On the approach of winter the George Henry was suddenly frozen up in the ice. This misfortune produced the most serious inquietude, the more so as the stores of the ship were getting short, being now reduced to tainted salt meat and the uncertain chance of the chase.

One day, or rather one night - for the night reigns nine months in the Ookoviear Bay - a young girl, in a sleigh drawn by twelve dogs, came on the ice alongside the George Henry, climbed with uncommon agility to the deck of the ship, and commenced examining with the greatest curiosity, the "great wooden house of the strangers." After having visited every corner she perceived Sir Frederick stretched upon the captain's bed. Tears came to her eyes as she saw the poor young man about to die without the hope of relief. she immediately proposed by gesture to take the young man with her, and to nurse him at her own house. The officers eagerly accepted this chance of relief for their companion, improbable as his cure seemed to be, aiding Tookoolitka - this was her name - to remove Frederic to the sleigh of the kind-hearted girl.

She gave the signal for starting to the dogs, a peculiar slapping of the tongue against the roof of the mouth, and drove rapidly away with the ensign. Having arrived at her home after a two hours' ride, she entered a few minutes after with a wooden vase filled with the blood of the sea-calf. To her great surprise Frederick refused to drink. However he soon overcame his repugnance, and "found it excellent" This is his own expression in the volume published of his voyage. he partook every day, not only without distaste, but even with avidity, of this medicament, and he felt his strength return so fast that in three months after, dressed in their style, he rivaled them in daring address, in driving a sleigh, chasing the sea-calves, scaling the rocks, and carrying away birds' nests across shoals and broken ice, not to mention that he managed in the most intrepid manner, with a single oar, his long narrow bark made of skins, and called a Kias. Tookoolitka accompanied him in all his excursions, and did not quit him for a moment.

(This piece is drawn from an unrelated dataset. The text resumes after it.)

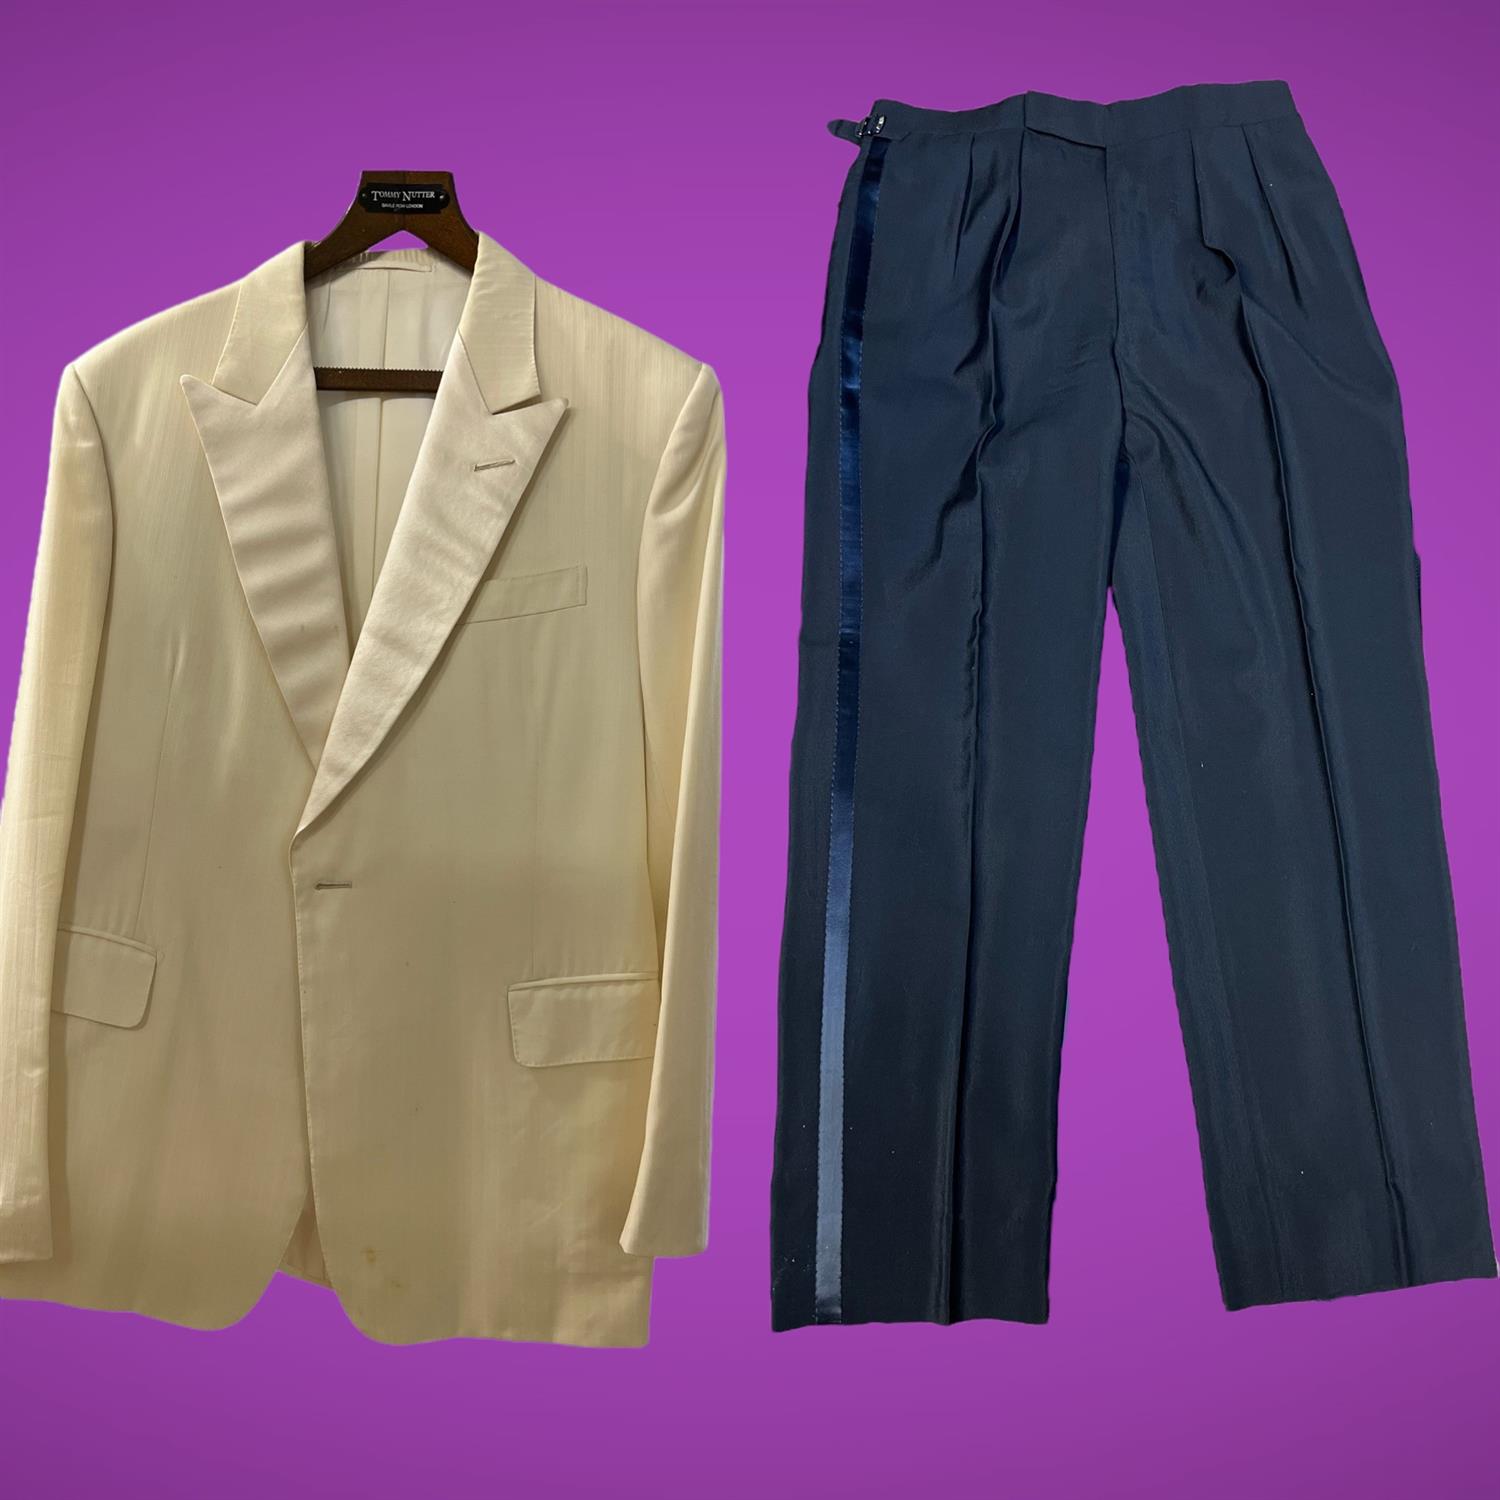 TOMMY NUTTER Savile Row tailor bespoke-made dinner-suit/ tuxedo suit. Cream single breasted dinner

Endowed with the marvelous facility of the people of the north in acquiring foreign languages, she not only spoke English purely, but thanks to the lessons of Frederick, she read and wrote it. About the month of April following, the George Henry was disengaged from the ice, and preparing for weighing anchor and returning to England. When Tookoolitka learned the news, she retired to her tent of reindeer skins, pitched on the seashore. Frederick came to her and found her bathed in tears. "Sister," said he, for he called her habitually by this name, "Sister, my mother expects you in England, come." Tookoolitka dried her tears, gave him her hand, and accompanied him without hesitation on board the George Henry, which arrived unexpectedly three months after in England. Some time after Lady Fitz, who quit the young stranger for a moment, still prettier in the European than in her native costume, presented her to Queen Victoria as her future daughter-in-law. The Queen declared that she would sign with her own hand the marriage contract between the officer of marines and Tookoolitka. "In the meantime," added she, smiling "as this name is a little strange, I ask of my young friend to renounce it and take that of Victoria."


Tookoolitka, now Lady Fitz, may be seen promenading in the Palais Royal, offering the singular spectacle of an Esquimaux becoming an English lady of distinction.